Construction industry in Slovenia continues to grow fast, recording a second consecutive year of double-digit growth. Based on strong economic growth, easy access to credit and strong demand for residential housing, its foundation would remain strong also in 2020 unless a major external shock reversed the current optimism on the market. Even in such case, there are several large civil engineering projects, especially the construction of a new railway towards Port Koper that began in early 2019, that will induce growth in construction output for several years.
The East-European countries EECFA covers show a completely different picture from that of the Balkan. The cumulated growth expectation of the region is -1% for 2019-2021. Turkey’s construction market is in such trouble as previously predicted, and this drags down the whole region’s performance. On country level, only Turkey sees negative cumulated growth until 2021, while Russia is prognosticated to be moderately positive. And Ukraine can reach the highest growth rates. In each country civil engineering is forecast to perform better (less worse in case of Turkey) than building construction until 2021.
In 2018 Russia’s construction output registered a higher-than-expected growth of 2.4%, thanks to the partial revision of construction statistics and the completion of major infrastructure projects related to the FIFA World Cup. In 2019, though, with the disappearance of these two growth factors, construction output is set to be near zero. Forecast for 2020-2021 is more optimistic (2.8%-3.3% per year) as economic growth is expected to accelerate and state funding for the industry will likely have a major push. Civil engineering and housing construction will enjoy most state funding directed to new road and railway projects, energy infrastructure and residential real estate developers.
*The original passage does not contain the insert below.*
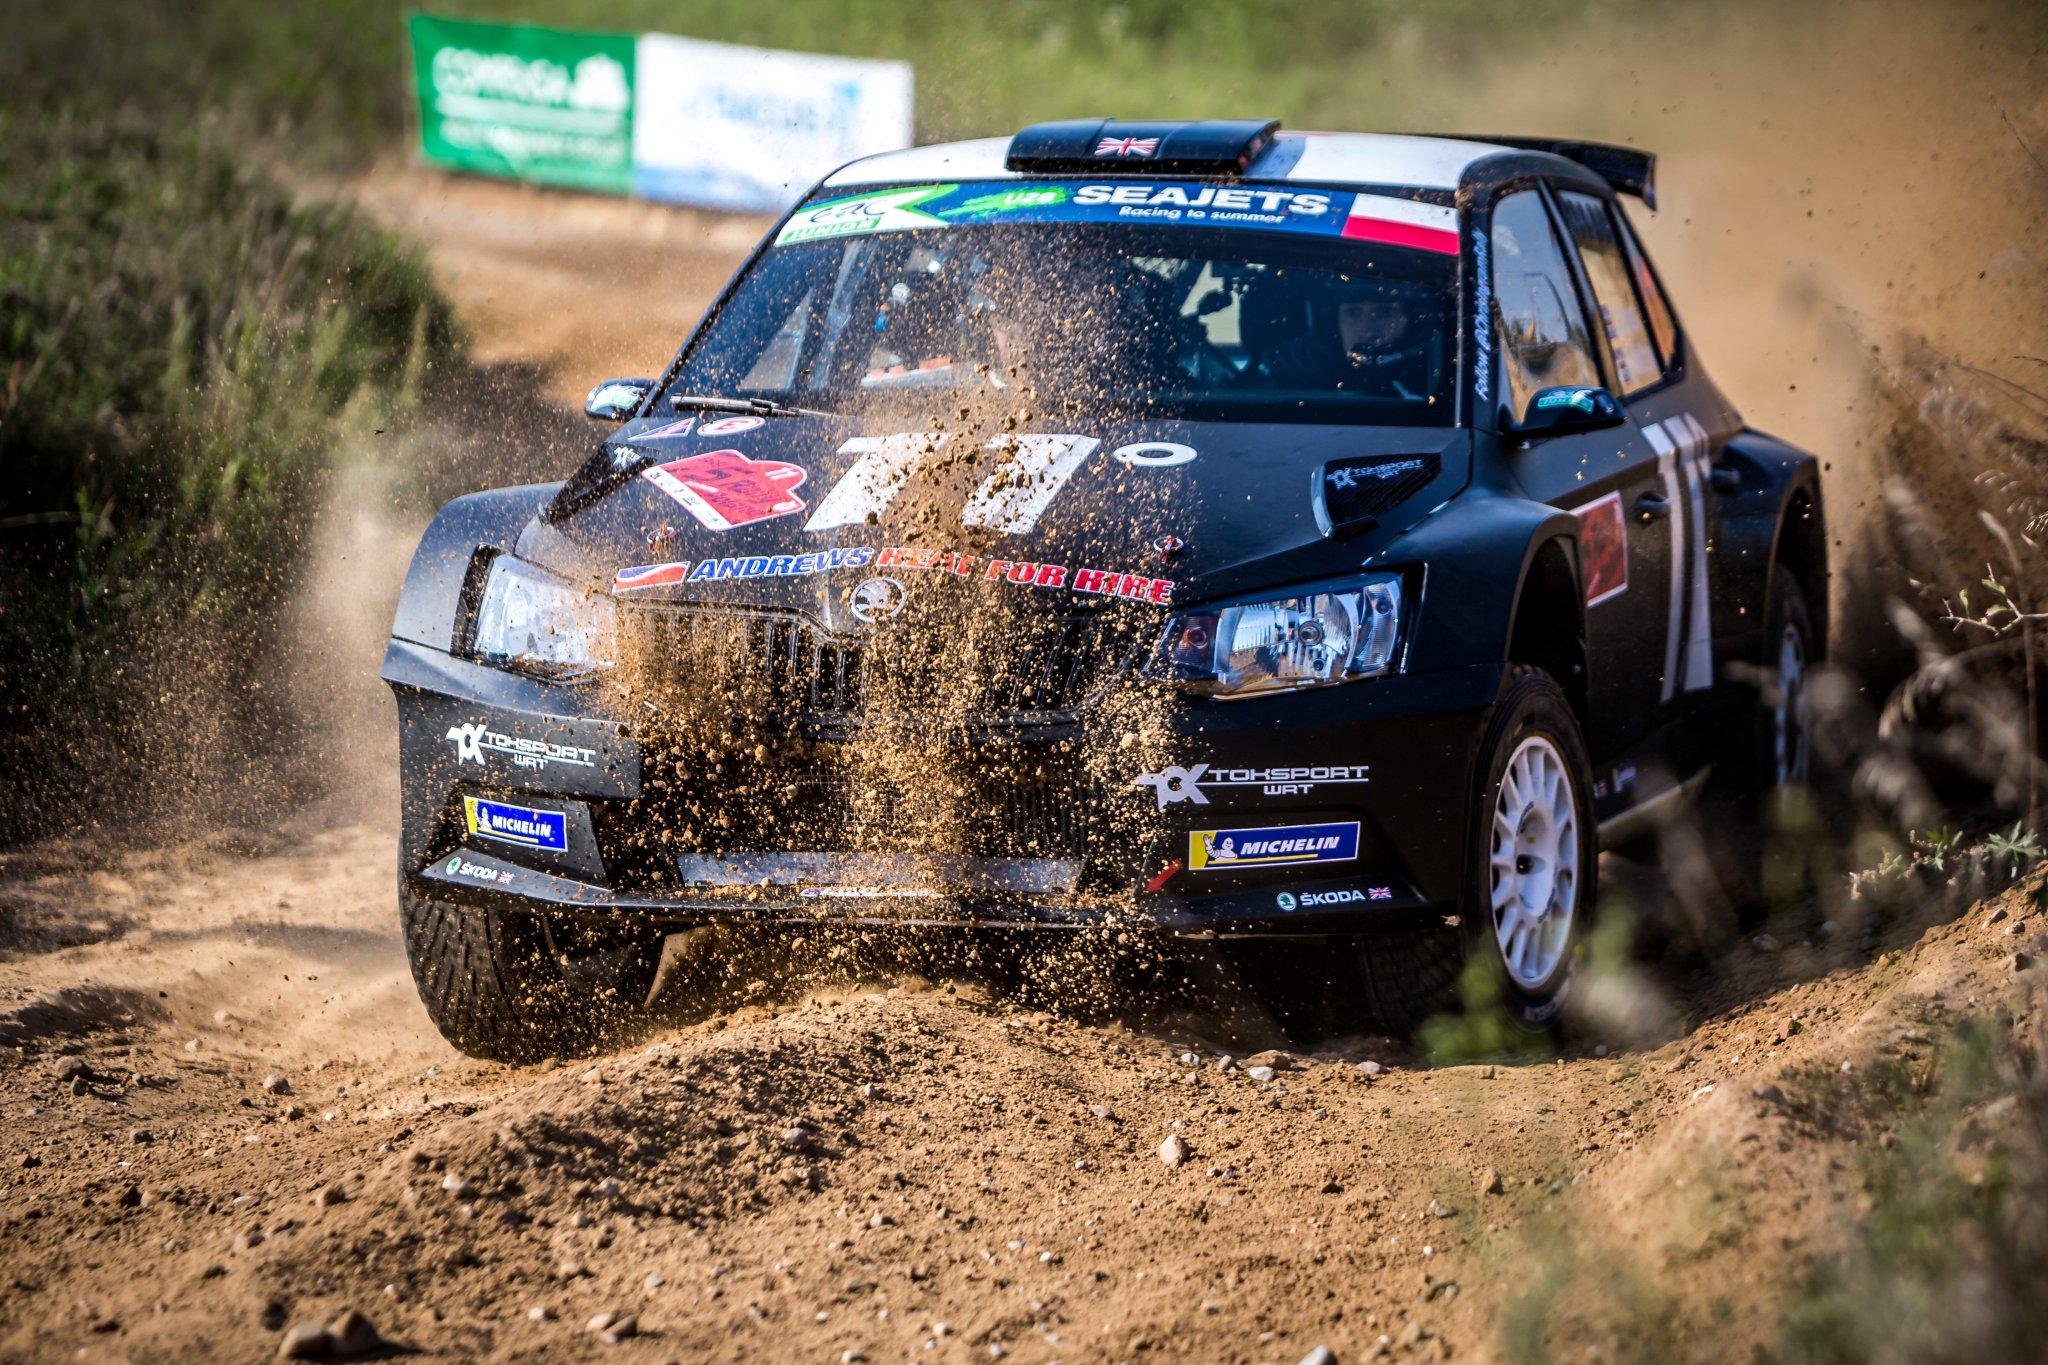 Rally Polonia 2018 ERC - Página 3 Dnyf926W0AA8TW9

In August 2018 the economy of Turkey trembled owing to the massive depreciation of Lira that greatly hit many sectors, especially construction. Building permits also dropped sharply last year, after historical peaks a year earlier, but completion of buildings in terms of floor area rose by 5%. This trend continues in 2019, but housing sales declined by 20% in the first five months, together with large decreases in real housing prices.Further, building material output registered a more than 20% drop within a year until May 2019. Construction companies experience a hard time and those active in civil engineering have decreasing workloads due to the presidential decree (issued in October 2018) not to tender new projects except for priority ones. Plus, the budget to central and local governments for projects this year is less than last year. Against this backdrop, recovery in the construction sector can only begin in 2021.
The Ukrainian construction industry has all the conditions for a sustainable growth in the future by an estimated 6.8% rise this year, a 3.6% increase in 2020 and a 7.2% growth in 2021. A positive trend is the systemic state support for the industry, including more transparent and clear rules of the game in the construction market, simplification of permits, and powerful investment support, especially in civil engineering. Hindering construction industry, and the economy as a whole, though, is the lack of financing. The slight drop in residential construction is offset by the growth of non-residential and civil engineering subsectors.